That Khaing Zin, Lim Kai Xiong, Wong Marc Hai Liang
Internal Medicine, Sengkang General Hospital, Singapore, SGP.
Cureus. 2025 May 12;17(5):e83981. doi: 10.7759/cureus.83981. eCollection 2025 May.
We report the case of a 70-year-old man with an incomplete form of Miller Fisher syndrome (MFS) complicated by syndrome of inappropriate secretion of antidiuretic hormone (SIADH). He presented with diplopia two weeks after a respiratory infection. Neurological examination showed bilateral pupil-sparing third nerve palsy, with normal reflexes, gait, coordination, power, and sensation. Serum sodium was markedly low (112 mmol/L) at presentation, with low serum osmolality, high urine sodium, and elevated urine osmolality. Anti-GQ1b IgG antibodies were positive, confirming the diagnosis of MFS. He was managed supportively with fluid restriction and oral sodium chloride tablets. He did not receive intravenous immunoglobulin. Symptoms resolved completely after eight weeks. This case underscores the importance of recognizing incomplete presentations of MFS and highlights the rare but clinically significant complication of SIADH. Early identification and appropriate management of both conditions are critical to improving patient outcomes and preventing complications.

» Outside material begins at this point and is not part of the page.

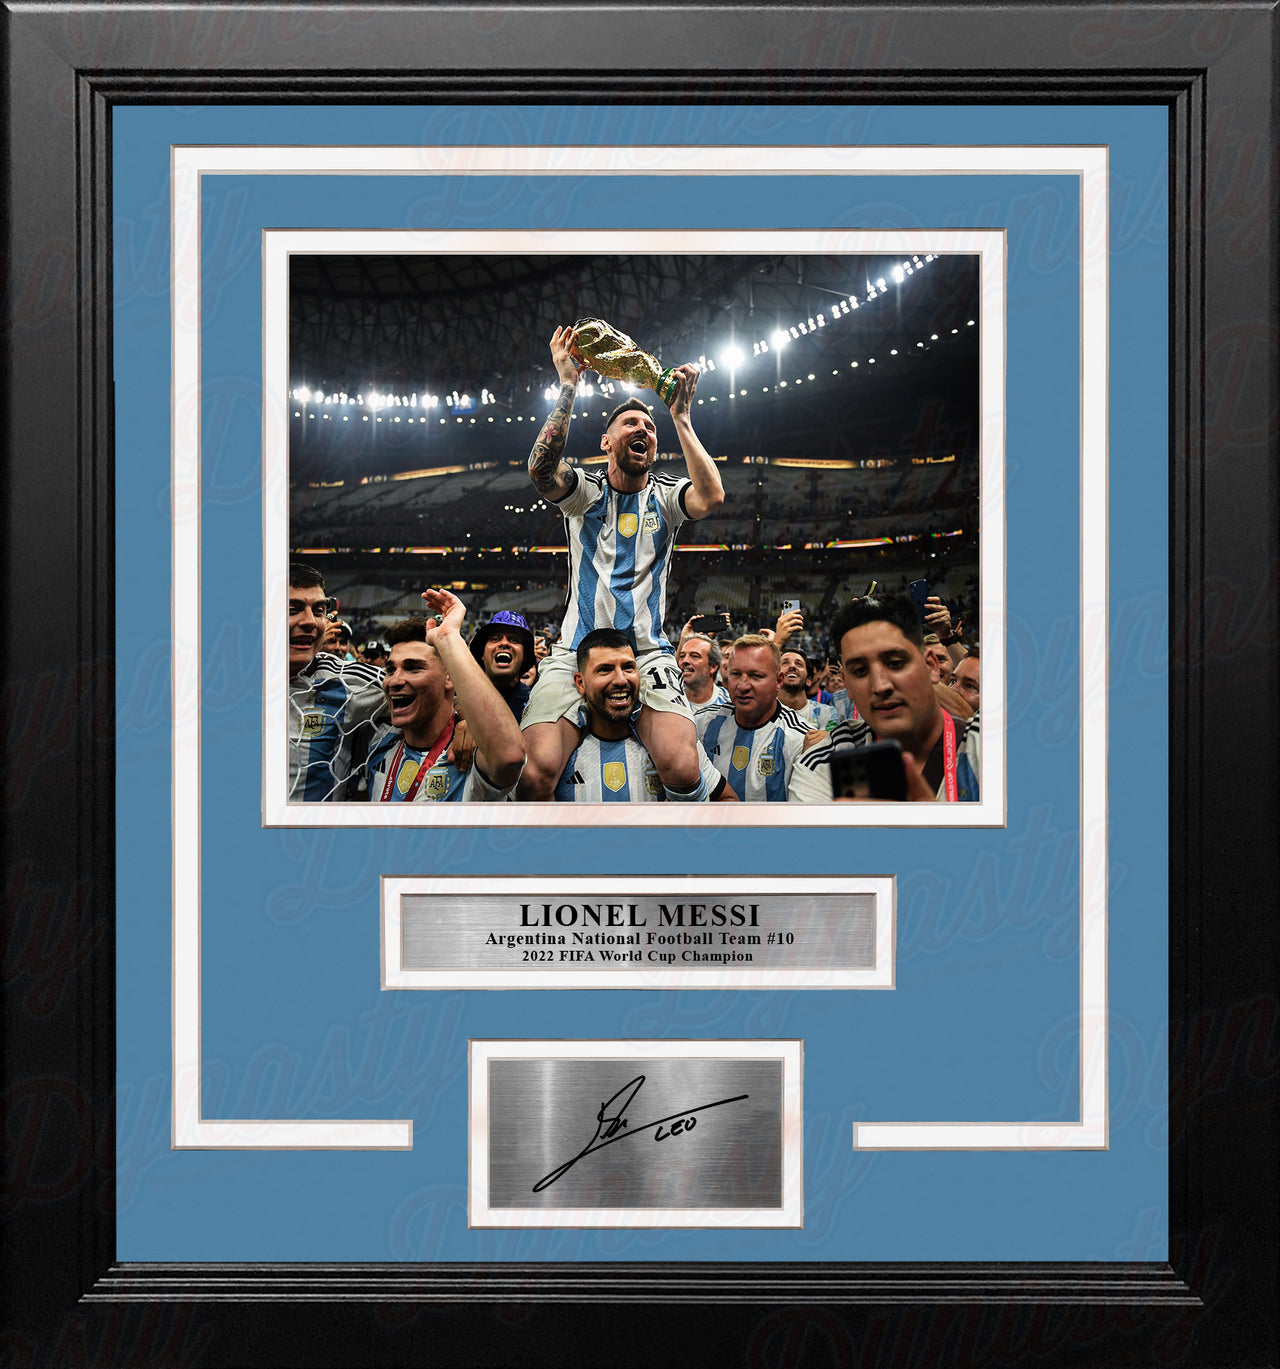 Lionel Messi 2022 World Cup Argentina National Team 8x10 Framed Photo with Engraved Autograph - Dynasty Sports & Framing 
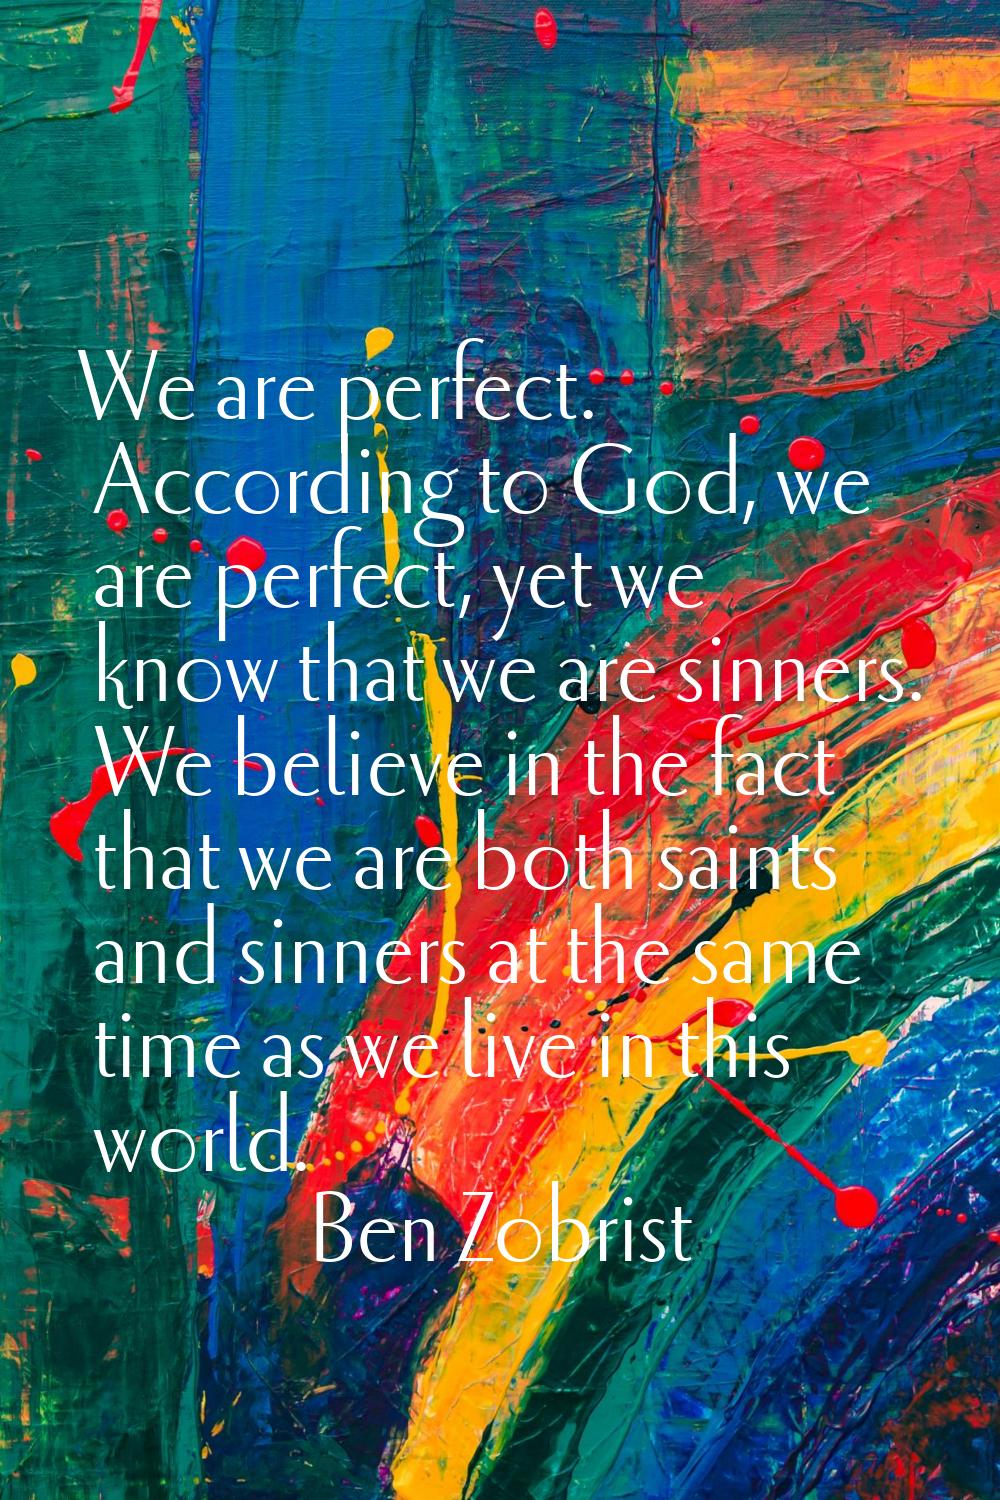 We are perfect. According to God, we are perfect, yet we know that we are sinners. We believe in th

我们报告了一例70岁男性患者,患有不完全型米勒-费雪综合征(MFS),并伴有抗利尿激素分泌不当综合征(SIADH)。他在呼吸道感染两周后出现复视。神经系统检查显示双侧动眼神经麻痹且瞳孔不受累,反射、步态、协调能力、肌力和感觉均正常。就诊时血清钠显著降低(112 mmol/L),血清渗透压降低,尿钠升高,尿渗透压升高。抗GQ1b IgG抗体呈阳性,确诊为MFS。对他采取了限制液体摄入和口服氯化钠片的支持治疗。他未接受静脉注射免疫球蛋白治疗。八周后症状完全缓解。该病例强调了认识MFS不完全表现的重要性,并突出了SIADH这种罕见但具有临床意义的并发症。对这两种情况进行早期识别和适当管理对于改善患者预后及预防并发症至关重要。